Prompt: Quote the records below word for word, please, from the very first line through the one that contains "Fiesta Matte Micro", and nothing beyond it.

[Stored dataset items]
<<<<

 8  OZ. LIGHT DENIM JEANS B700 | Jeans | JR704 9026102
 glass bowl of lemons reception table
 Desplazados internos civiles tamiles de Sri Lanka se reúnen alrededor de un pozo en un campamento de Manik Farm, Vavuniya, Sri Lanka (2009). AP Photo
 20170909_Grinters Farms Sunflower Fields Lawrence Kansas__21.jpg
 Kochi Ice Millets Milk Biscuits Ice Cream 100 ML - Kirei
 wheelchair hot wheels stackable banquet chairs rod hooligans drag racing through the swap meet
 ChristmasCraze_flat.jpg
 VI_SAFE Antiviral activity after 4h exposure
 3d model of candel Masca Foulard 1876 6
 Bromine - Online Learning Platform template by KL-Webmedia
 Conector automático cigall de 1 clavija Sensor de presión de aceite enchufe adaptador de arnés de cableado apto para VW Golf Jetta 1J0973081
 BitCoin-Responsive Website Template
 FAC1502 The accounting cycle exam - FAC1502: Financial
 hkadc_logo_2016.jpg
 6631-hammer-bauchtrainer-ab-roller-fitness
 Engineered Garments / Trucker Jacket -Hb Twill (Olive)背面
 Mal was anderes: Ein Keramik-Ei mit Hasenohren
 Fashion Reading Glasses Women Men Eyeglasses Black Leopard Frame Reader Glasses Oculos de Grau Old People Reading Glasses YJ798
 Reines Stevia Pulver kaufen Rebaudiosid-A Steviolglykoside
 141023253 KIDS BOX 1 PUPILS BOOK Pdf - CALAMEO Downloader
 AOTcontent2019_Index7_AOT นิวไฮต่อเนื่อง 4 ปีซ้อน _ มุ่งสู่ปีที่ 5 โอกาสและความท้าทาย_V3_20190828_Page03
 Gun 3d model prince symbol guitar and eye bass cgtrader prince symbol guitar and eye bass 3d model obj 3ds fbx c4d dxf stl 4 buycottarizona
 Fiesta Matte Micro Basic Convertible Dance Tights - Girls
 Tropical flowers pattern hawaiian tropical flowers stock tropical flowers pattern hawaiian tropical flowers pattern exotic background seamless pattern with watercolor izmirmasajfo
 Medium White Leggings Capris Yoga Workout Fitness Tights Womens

>>>>

Response:
 8  OZ. LIGHT DENIM JEANS B700 | Jeans | JR704 9026102
 glass bowl of lemons reception table
 Desplazados internos civiles tamiles de Sri Lanka se reúnen alrededor de un pozo en un campamento de Manik Farm, Vavuniya, Sri Lanka (2009). AP Photo
 20170909_Grinters Farms Sunflower Fields Lawrence Kansas__21.jpg
 Kochi Ice Millets Milk Biscuits Ice Cream 100 ML - Kirei
 wheelchair hot wheels stackable banquet chairs rod hooligans drag racing through the swap meet
 ChristmasCraze_flat.jpg
 VI_SAFE Antiviral activity after 4h exposure
 3d model of candel Masca Foulard 1876 6
 Bromine - Online Learning Platform template by KL-Webmedia
 Conector automático cigall de 1 clavija Sensor de presión de aceite enchufe adaptador de arnés de cableado apto para VW Golf Jetta 1J0973081
 BitCoin-Responsive Website Template
 FAC1502 The accounting cycle exam - FAC1502: Financial
 hkadc_logo_2016.jpg
 6631-hammer-bauchtrainer-ab-roller-fitness
 Engineered Garments / Trucker Jacket -Hb Twill (Olive)背面
 Mal was anderes: Ein Keramik-Ei mit Hasenohren
 Fashion Reading Glasses Women Men Eyeglasses Black Leopard Frame Reader Glasses Oculos de Grau Old People Reading Glasses YJ798
 Reines Stevia Pulver kaufen Rebaudiosid-A Steviolglykoside
 141023253 KIDS BOX 1 PUPILS BOOK Pdf - CALAMEO Downloader
 AOTcontent2019_Index7_AOT นิวไฮต่อเนื่อง 4 ปีซ้อน _ มุ่งสู่ปีที่ 5 โอกาสและความท้าทาย_V3_20190828_Page03
 Gun 3d model prince symbol guitar and eye bass cgtrader prince symbol guitar and eye bass 3d model obj 3ds fbx c4d dxf stl 4 buycottarizona
 Fiesta Matte Micro Basic Convertible Dance Tights - Girls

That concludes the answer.